Figure 7.11 Gate Pulses G1, G2, G3 and G4 given to the Inverter
118
7.6.3 Inverter Circuit
The generated gate pulses from the driver circuit are connected to
the MOSFET IRF 640 which is connected in bridge configuration. The
snubber circuit is connected in parallel to all the four MOSFET in order to
avoid device damage due to surges. The inverter circuit is shown in the
Figure 7.12.
Figure 7.12 Inverter Circuit
119
The output voltage waveform of the inverter is connected to the
step up transformer to obtain a constant secondary output voltage for a load of
15W lamp. The output of the inverter is connected to the primary side of the
step up transformer which is provided with tappings of 10V, 20V, 30V, 40V.
According to the inverters output the corresponding tappings are used in the
transformer in order to produce constant secondary voltage. Figure 7.13
shows the output voltage waveform of the inverter given to the primary of the
transformer and the step up voltage output given to the load.
Primary side Secondary side
Figure 7.13 Voltage Waveform of Inverter with 15W Lamp Load
Figures 7.14 and 7.15 shows the experimental setup for different
load conditions. Depending on the solar insolation, the control circuit PC
board senses and drives the gate pulse circuit which is given to the inverter
circuit. The output of the inverter is given to the suitable transformer tapping
in the primary side in order to produce a constant secondary output required
by the load.
120
Figure 7.14 Experimental Setup with 15W Lamp Load
Figure 7.15 Experimental Setup with 60W Lamp Load
121
Figures 7.16 and 7.17 shows the output waveform of array power
versus time and array current. The graph indicates the curve drawn for two
sets of datas – one with MPPT control and the other without MPPT control.

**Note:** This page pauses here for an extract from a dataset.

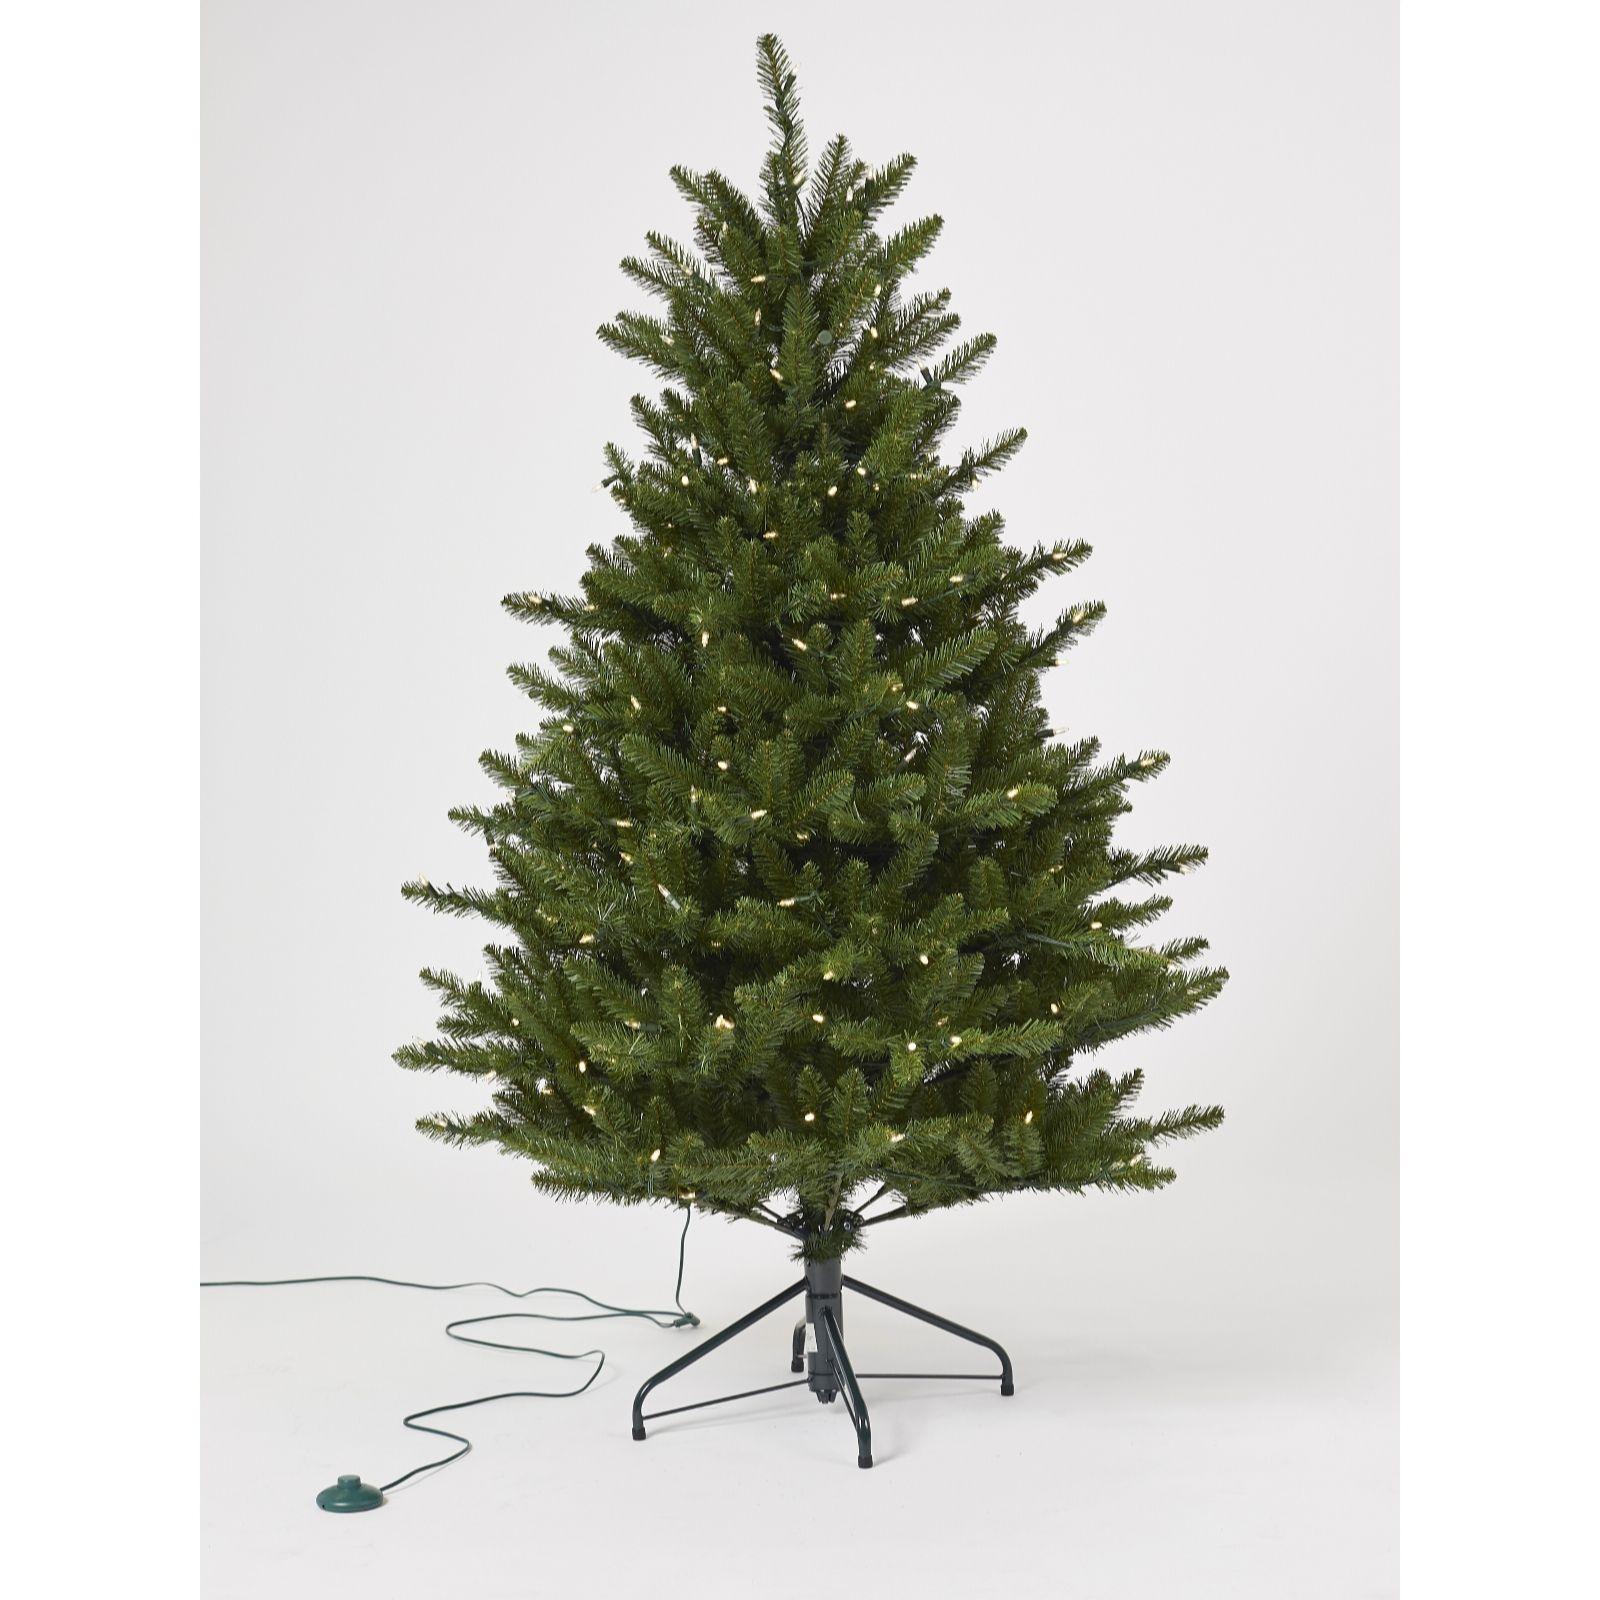 White Fir Christmas Tree: Santa's Best 5ft Fraiser Fir Christmas Tree With 240 Warm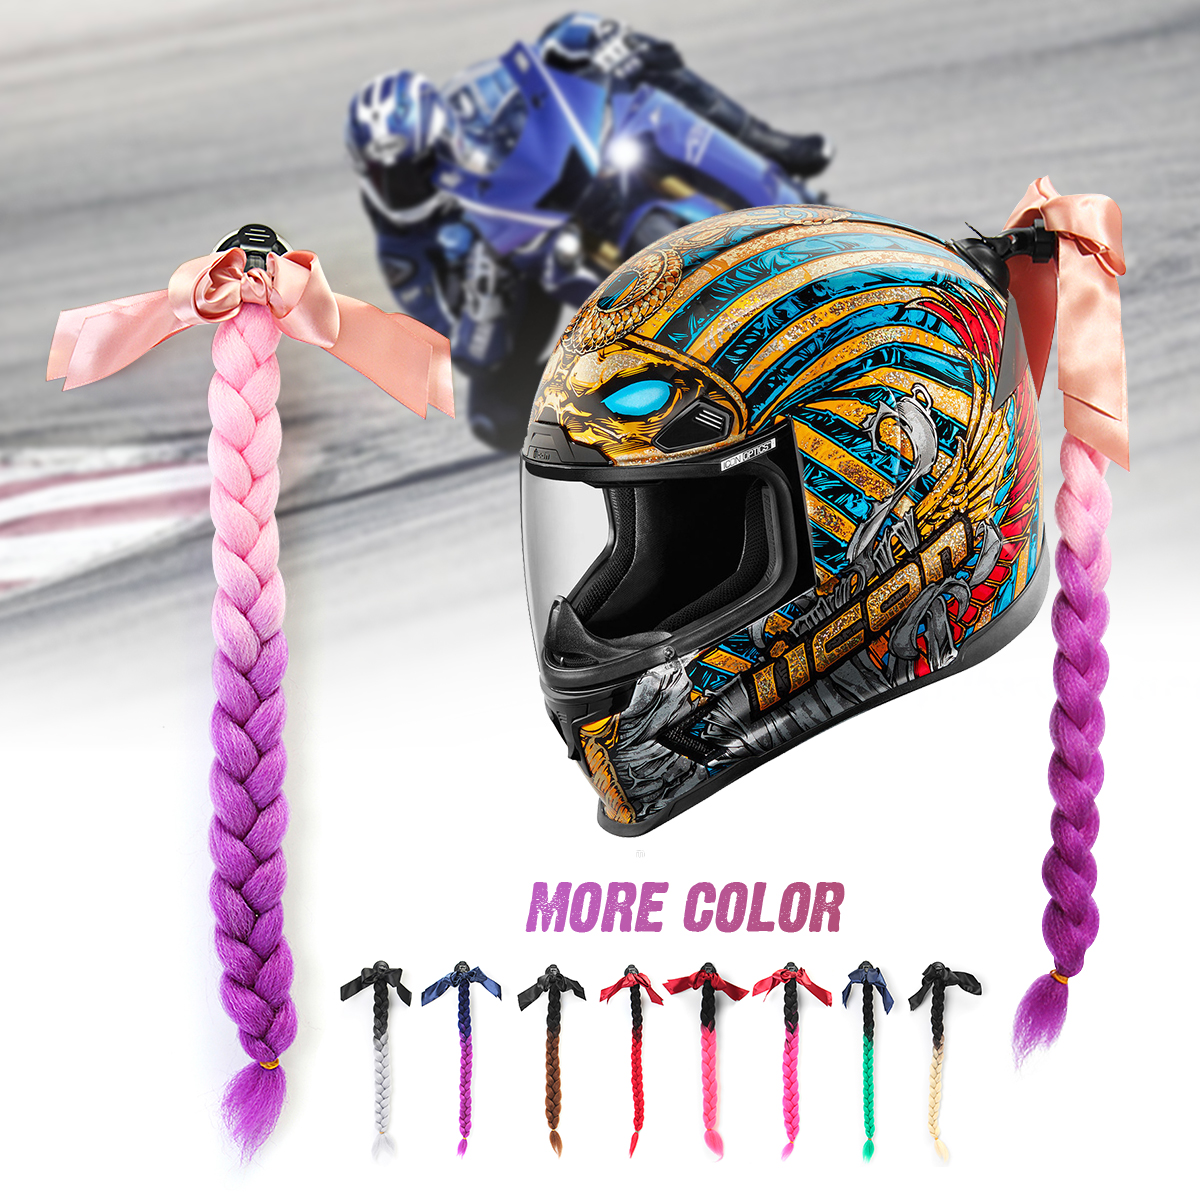 Punk Style Motorcycle Gradient Ramp Helmet Braids Twist Braid Horn Motocross Motorbike Full Face Off Road Moto Decoration

The graph drawn between the array power and time shows the difference in
variation in the power generated with MPPT and without MPPT during the
morning and evenings. By using the hill climbing algorithm, it is observed
that the amount of power produced by the PV generator trained using MPPT
follows the pattern of irradiance.
Figure 7.16 Output waveform of Array Power Vs Time
122
Figure 7.17 Output Waveform of Array Power Vs Array Current
7.7 CONCLUSION
The panel is trained statically using hill climbing algorithm for
maximum radiation. It predicts the maximum power point voltage and the
modulation index value. The pulse width modulation scheme is used to trigger
the gate of the switching device, which reduces the lower order harmonics at
the output of the inverter. The simulation results match with the
implementation results. The implementation complexity of the system is low
compared to the above two algorithms. The main advantage is, the system is
not array dependent and periodic tuning is not required.